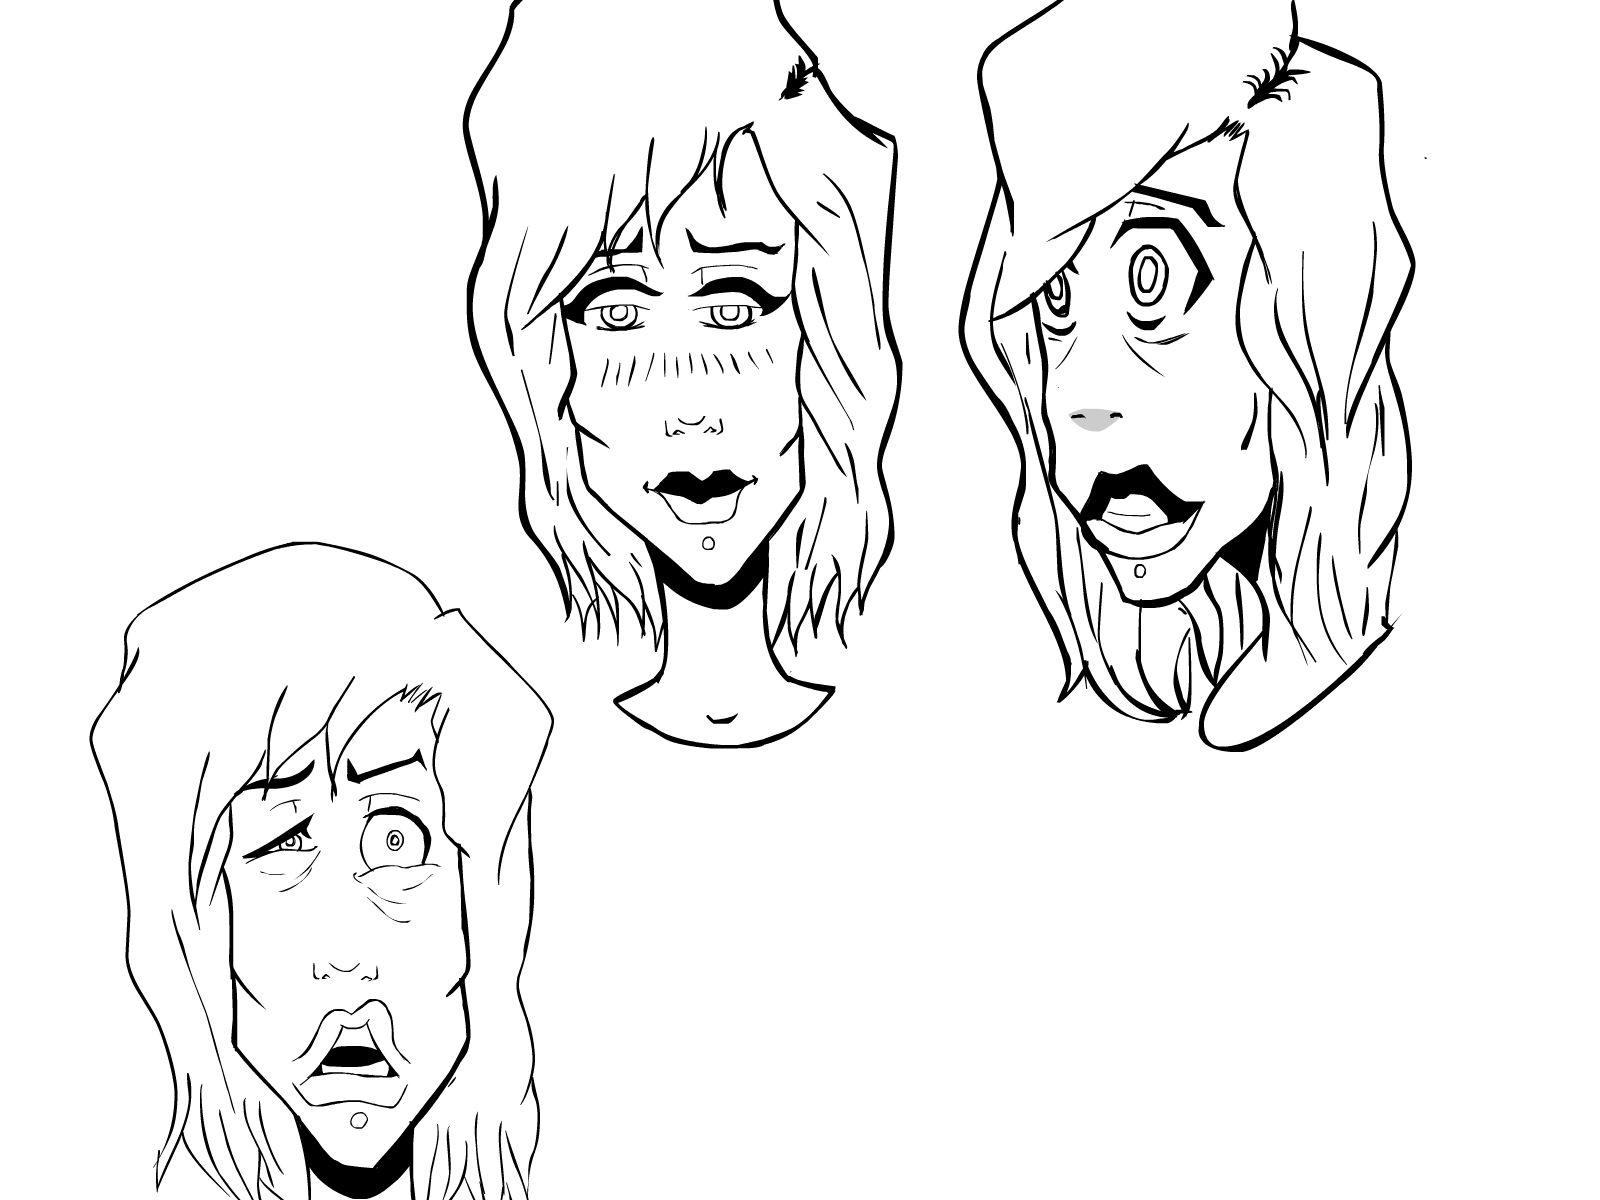 OC Faces
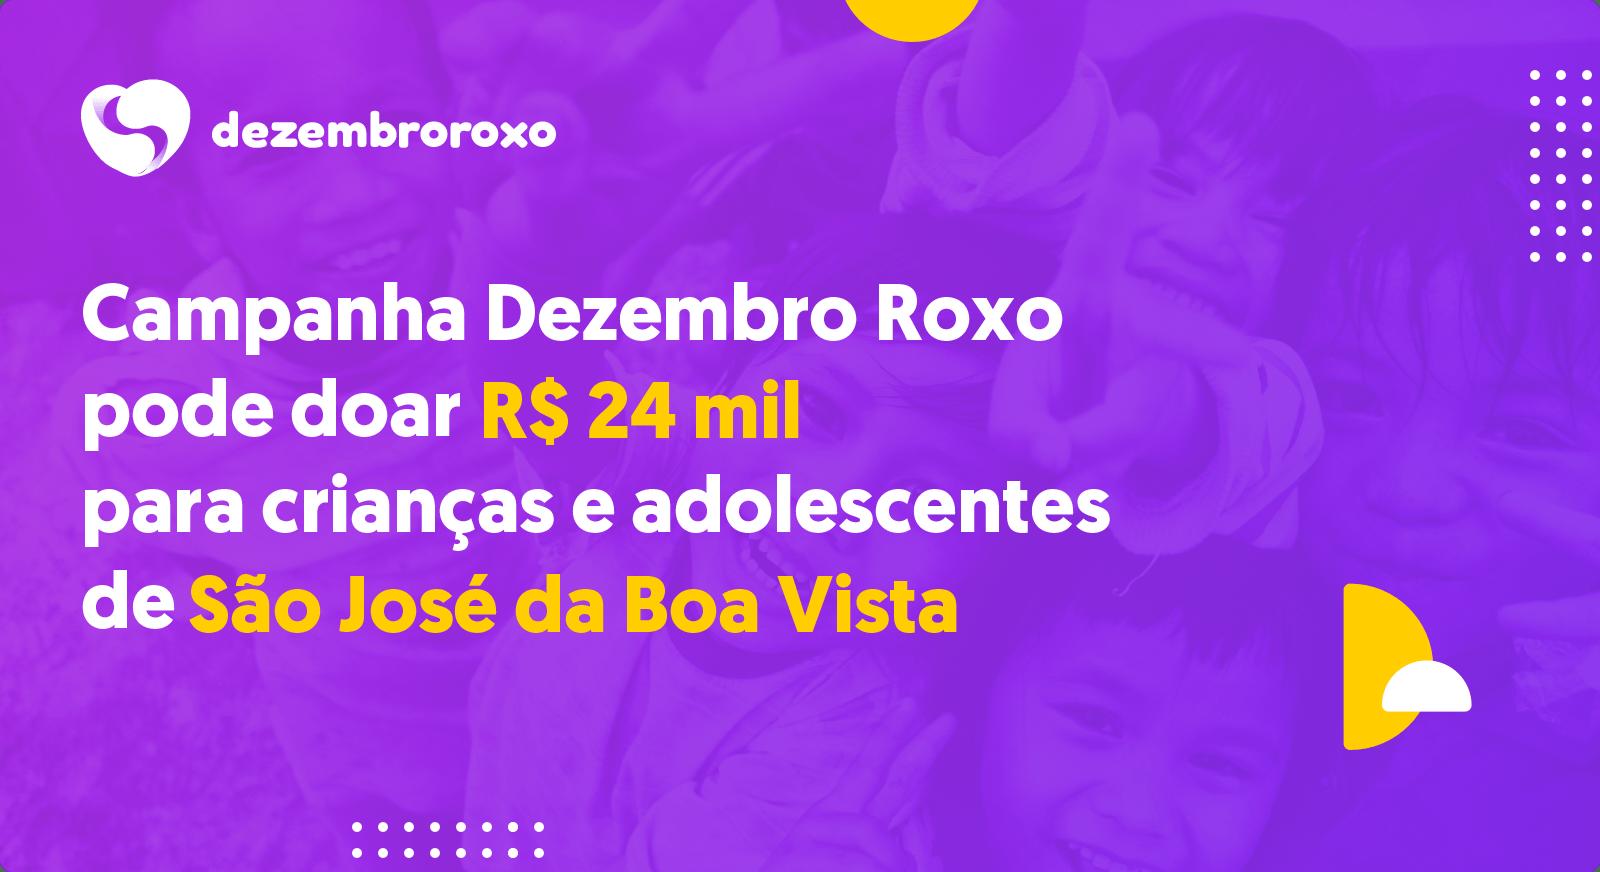 Doações em São José da Boa Vista - PR
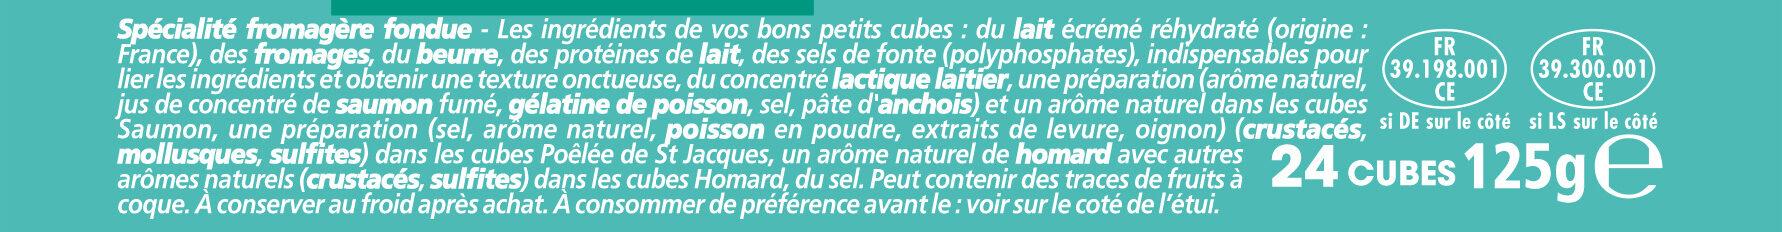 Apéricube Recettes du Pêcheur 24C - Ingrédients - fr
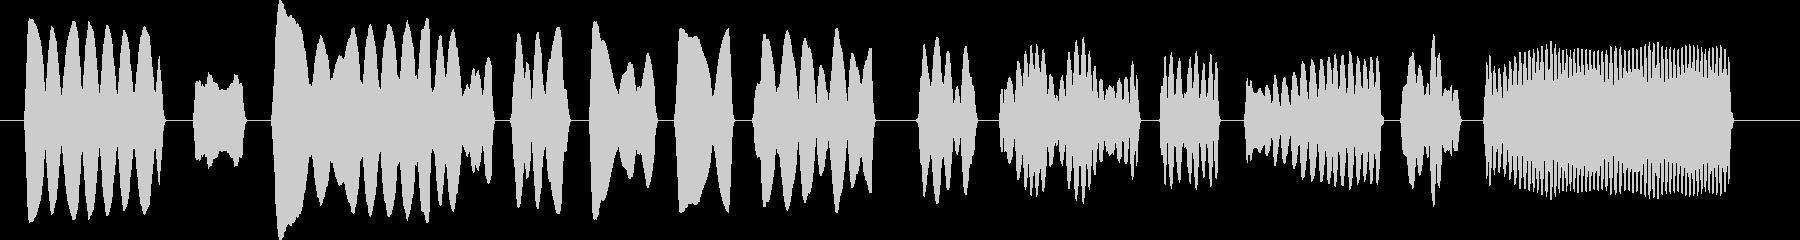 子守唄風ヘタウマリコーダーのみのジングルの未再生の波形
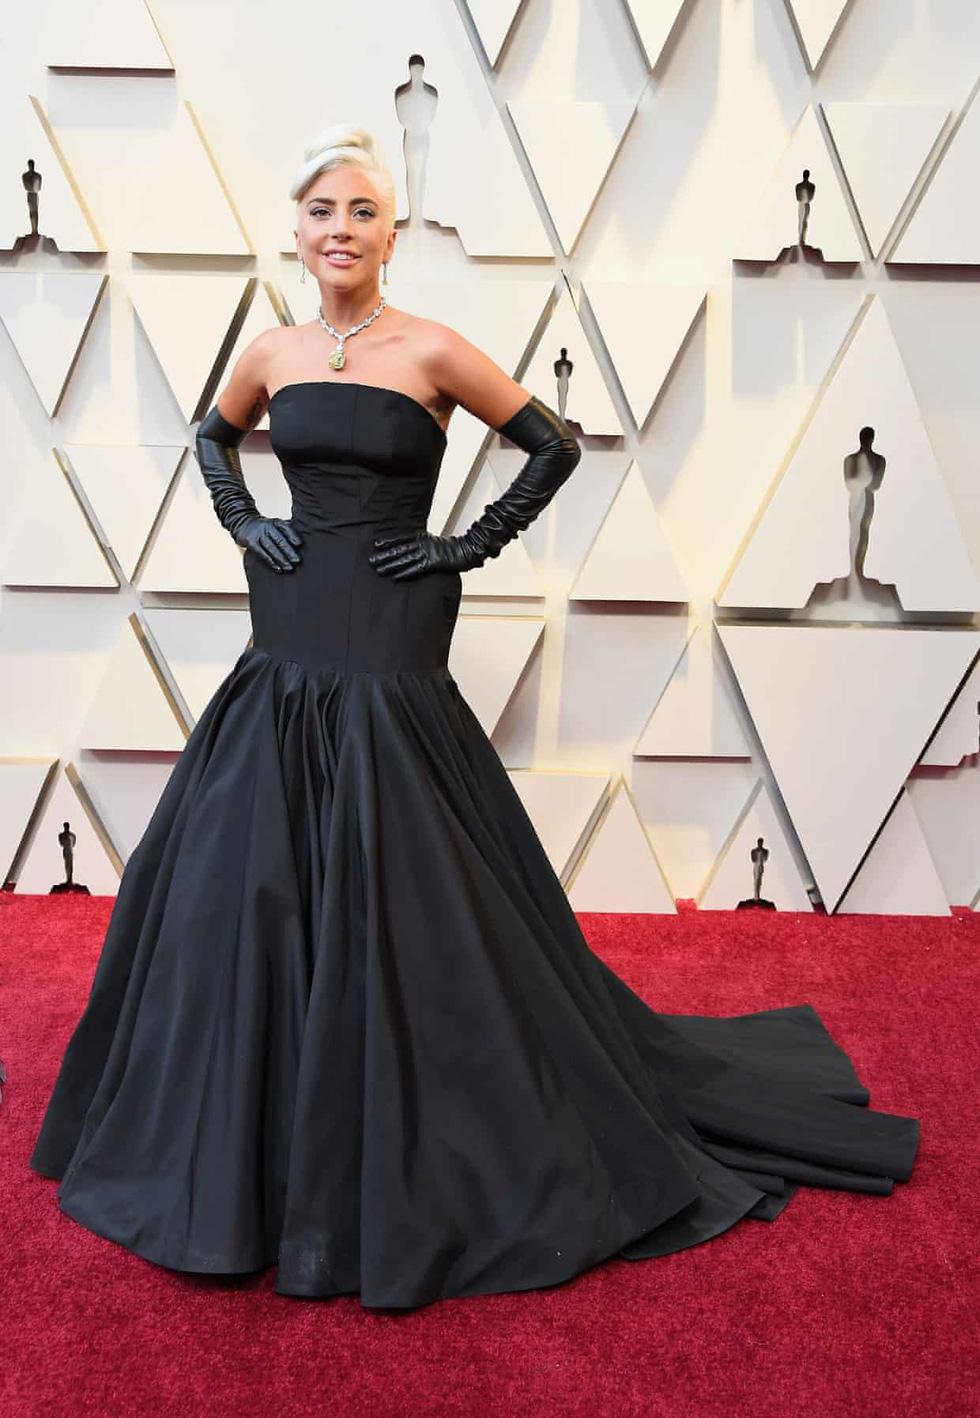 Lộng lẫy dàn sao Hollywood đổ về thảm đỏ Oscar lần thứ 91 - Ảnh 2.
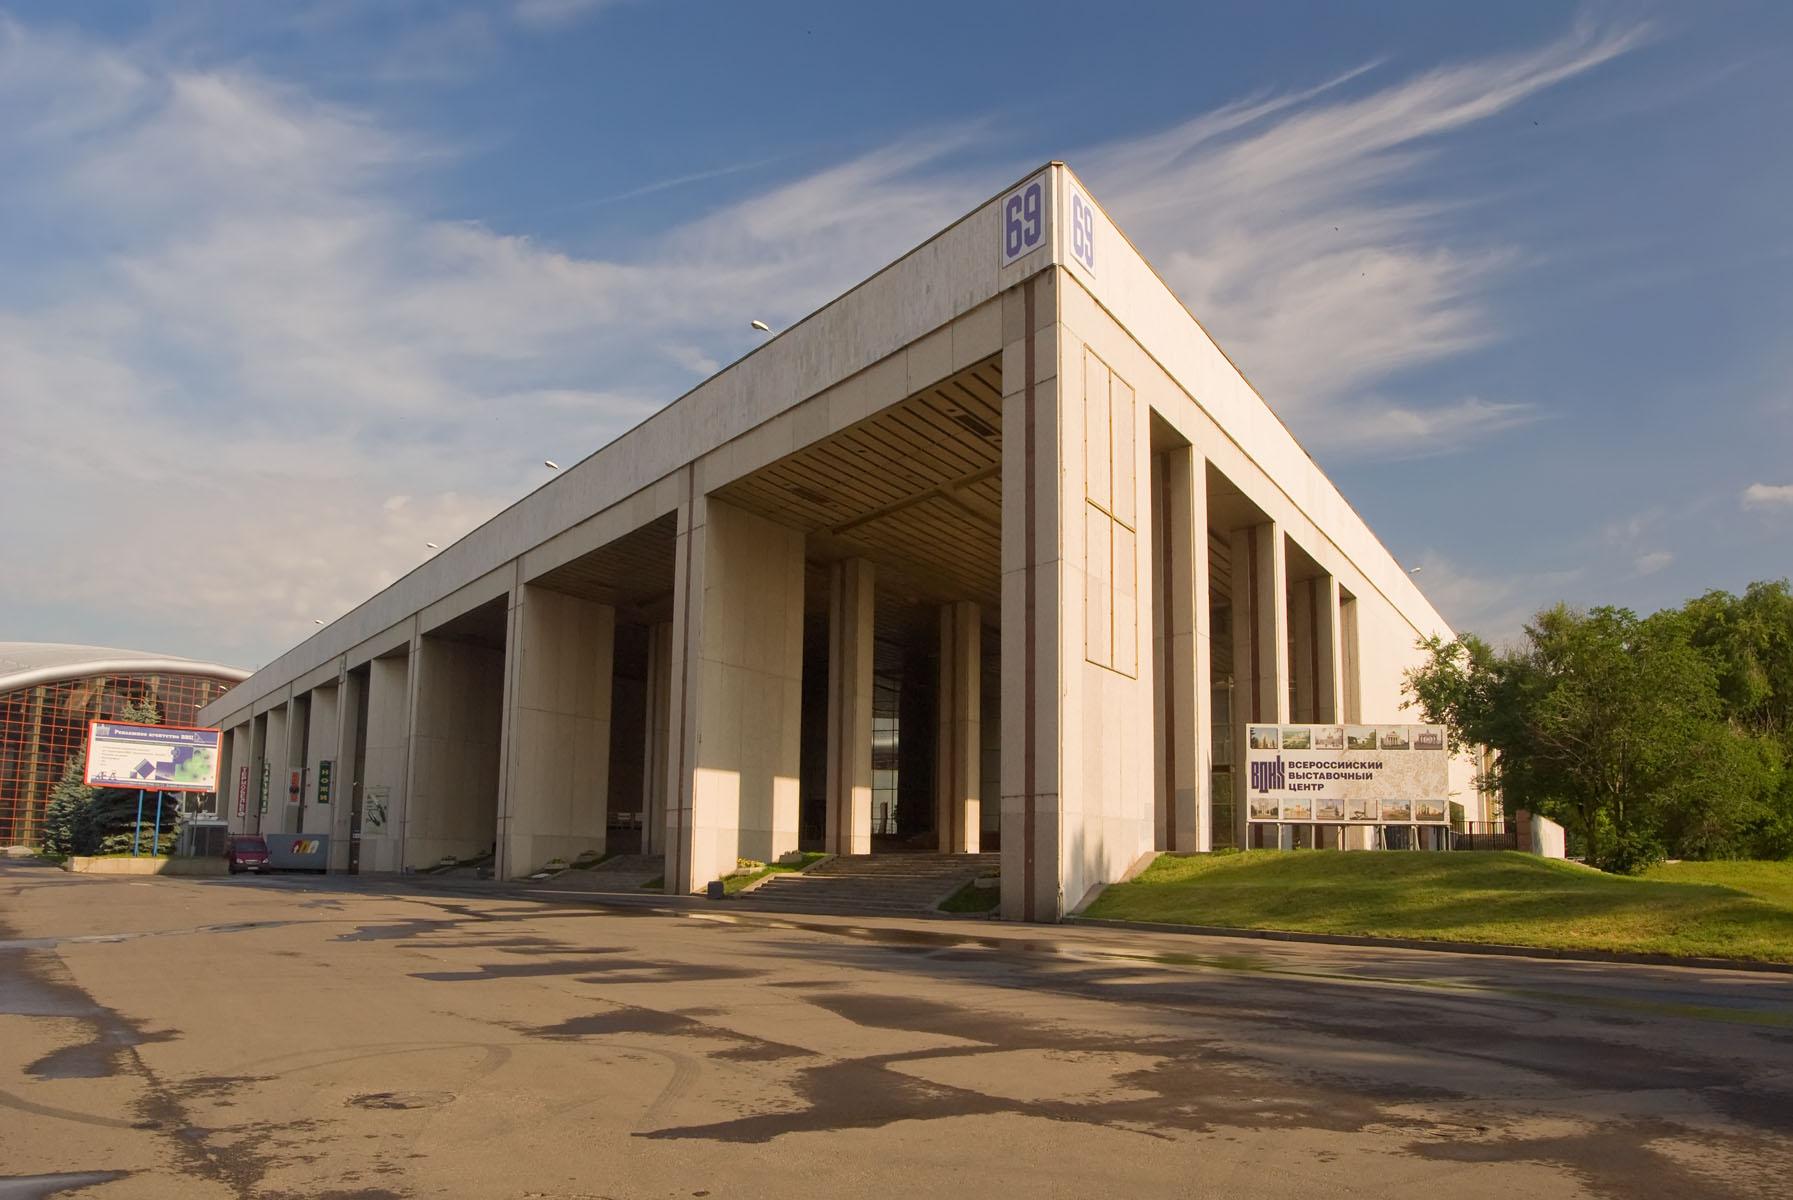 El Pabellón 69 del Centro de Exposiciones VDhN de Moscñu, acogerá la próxima edición de Tanexpo World Russia
^^^^^^^^^^^^^^^^
Exercise instructions
The whole listing above needs to be copied exactly; please keep the pictures out.

Exercise answer
 OC Faces
 Doações em São José da Boa Vista - PR
 Apéricube Recettes du Pêcheur 24C - Ingrédients - fr
 子守唄風ヘタウマリコーダーのみのジングルの未再生の波形
 Lộng lẫy dàn sao Hollywood đổ về thảm đỏ Oscar lần thứ 91 - Ảnh 2.
 El Pabellón 69 del Centro de Exposiciones VDhN de Moscñu, acogerá la próxima edición de Tanexpo World Russia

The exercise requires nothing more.